Chapitre II Projet et méthode

Notre première intention, au sujet de l’organisation de ce chapitre, consistait à séparer en deux parties distinctes, d’une part nos ambitions et nos objectifs et, d’autre part notre démarche et notre organisation de travail. Or, ces deux parties se révèlent trop étroitement liées, la seconde répondant presque à chacun des positionnements de la première.

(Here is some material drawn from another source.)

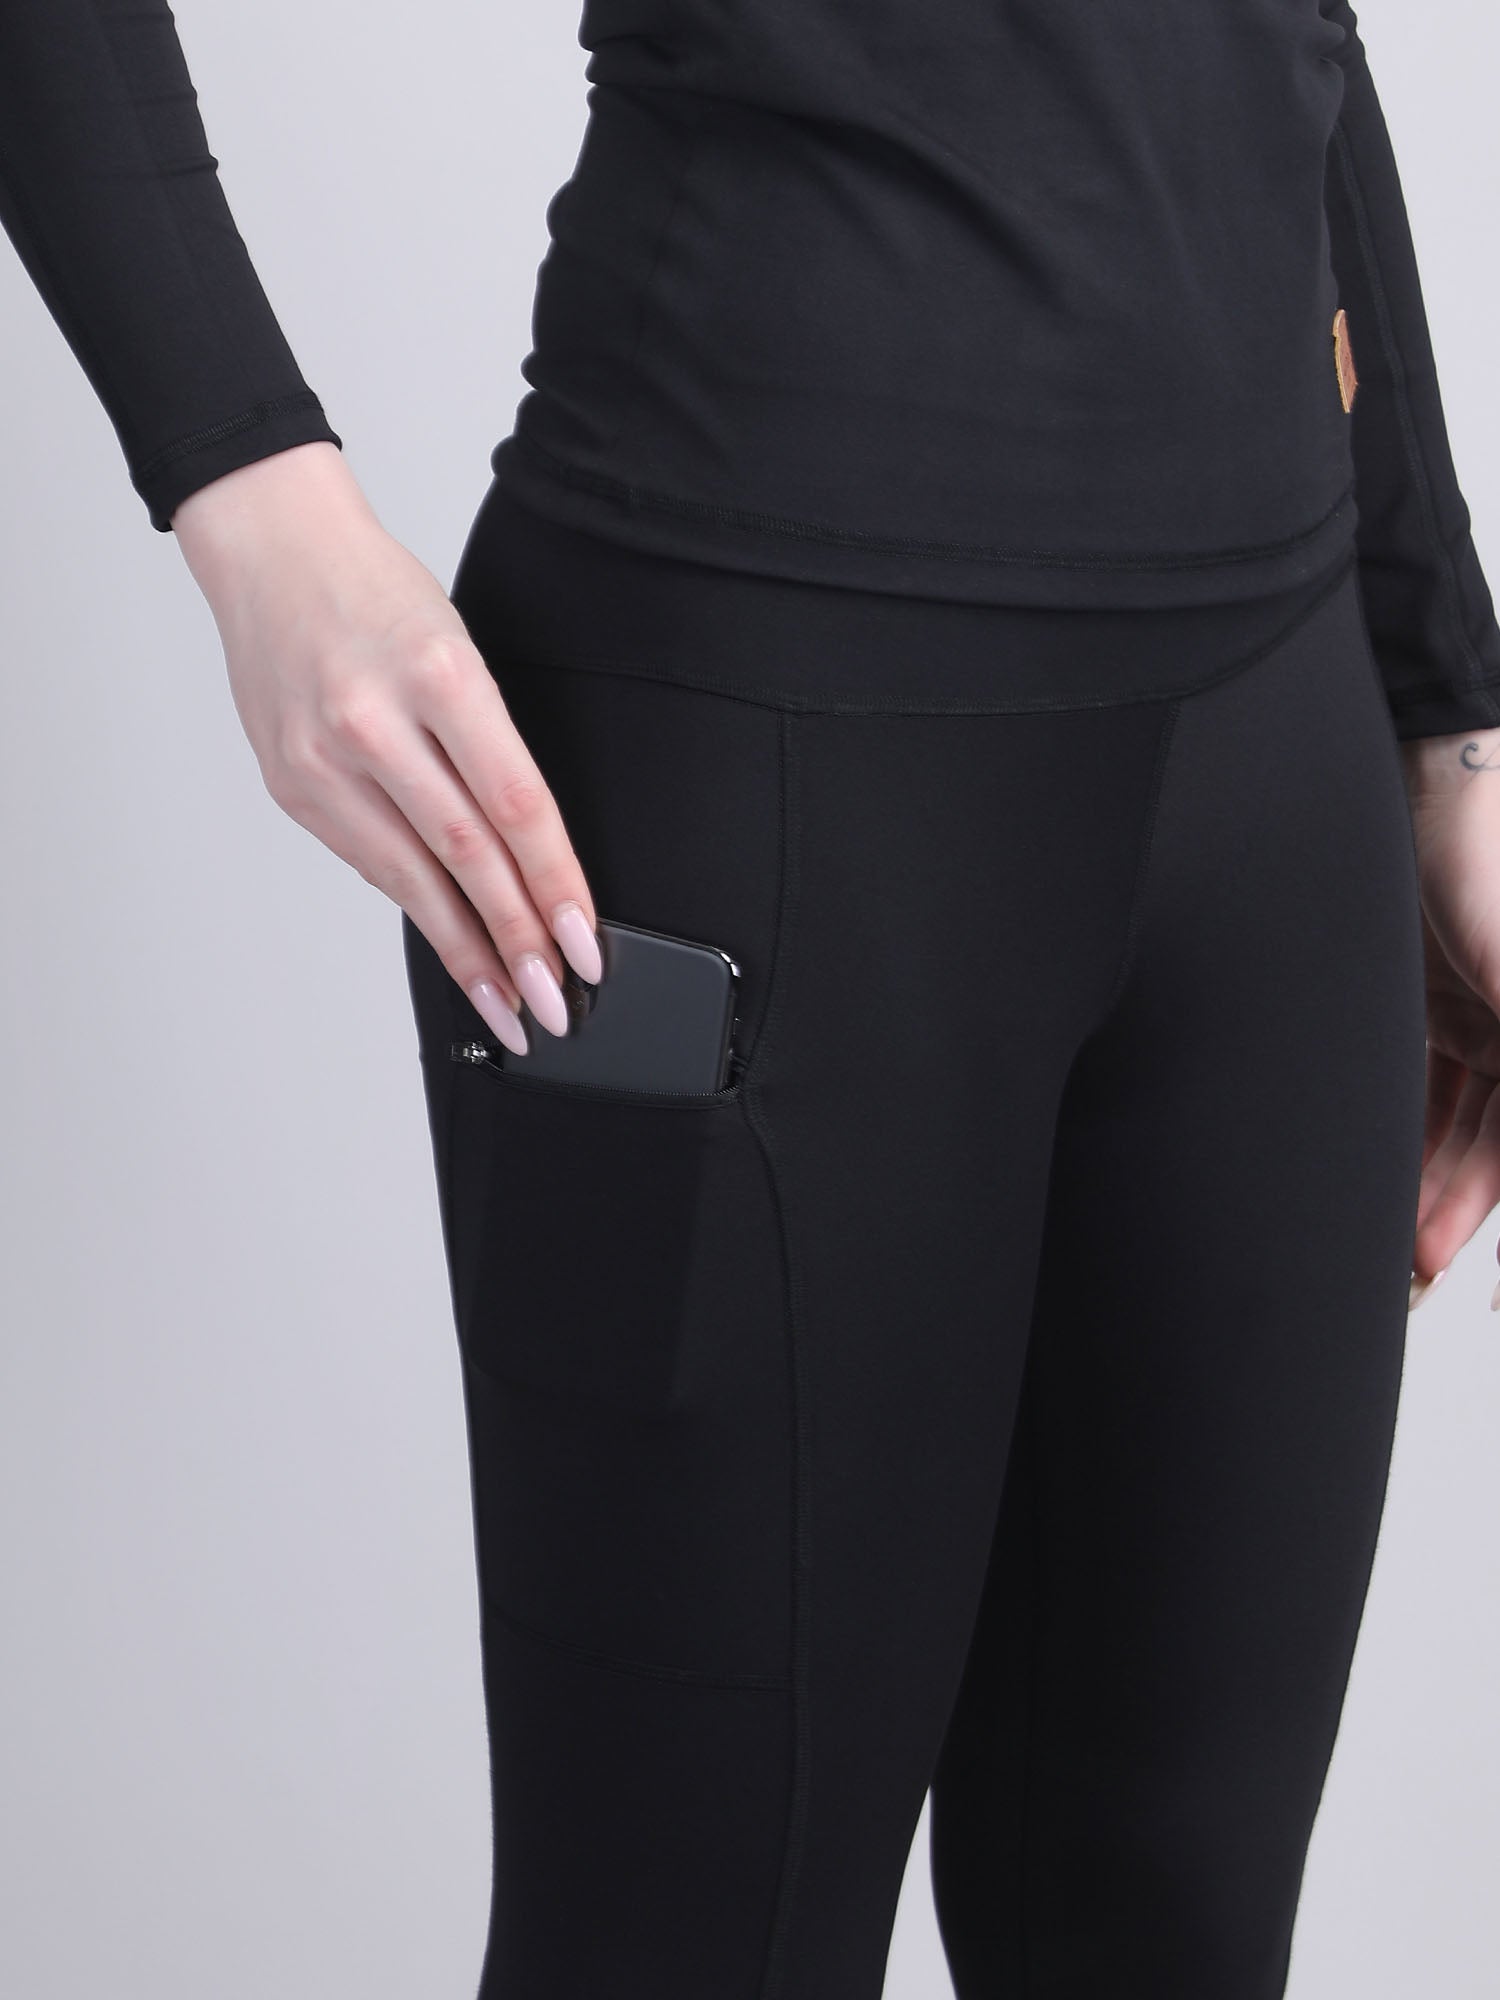 Gym pants for women with pockets

Nous choisissons de tenter de les imbriquer davantage en articulant les deux aspects, projet et méthode. Dans les pages suivantes, cette organisation conduit à préciser pas à pas nos intentions, et à exprimer, à chaque nouvelle avancée, le programme des actions méthodologiques en relation avec ces choix ou tout au moins les choix organisationnels qui en découlent.

Or, la définition des options de ce travail s’appuie aussi grandement sur les référents théoriques précédemment cités et sur d’autres à venir en particulier ceux, liés à la pensée phénoménologique et à l’approche systémique. Au travers de la définition de ces différents axes, nous décrivons des spécificités, tant sur l’objet de recherche que sur la manière de l’observer ou d’en faire émerger des résultats.

Par ailleurs, nous nous permettons de nous introduire nous-même dans la recherche et à ce titre de préciser succinctement notre parcours et en quoi il interfère avec les intentions et potentiellement les résultats.

Cependant, avant de rentrer dans cette logique où les objets des investigations et la façon de les aborder se répondent, nous souhaitons tout de même, dans un premier temps, clarifier notre propos, spécifier notre recherche, orienter la trame de nos écrits et aiguiller brièvement notre lecteur en direction des orientations principales vers lesquelles nous souhaitons tendre.

A la fin de ce chapitre, en réponse aux fondements méthodologiques posés dans cette recherche et à la manière de les aborder, nous présentons la structure de la deuxième partie, centrale dans les résultats de ces travaux.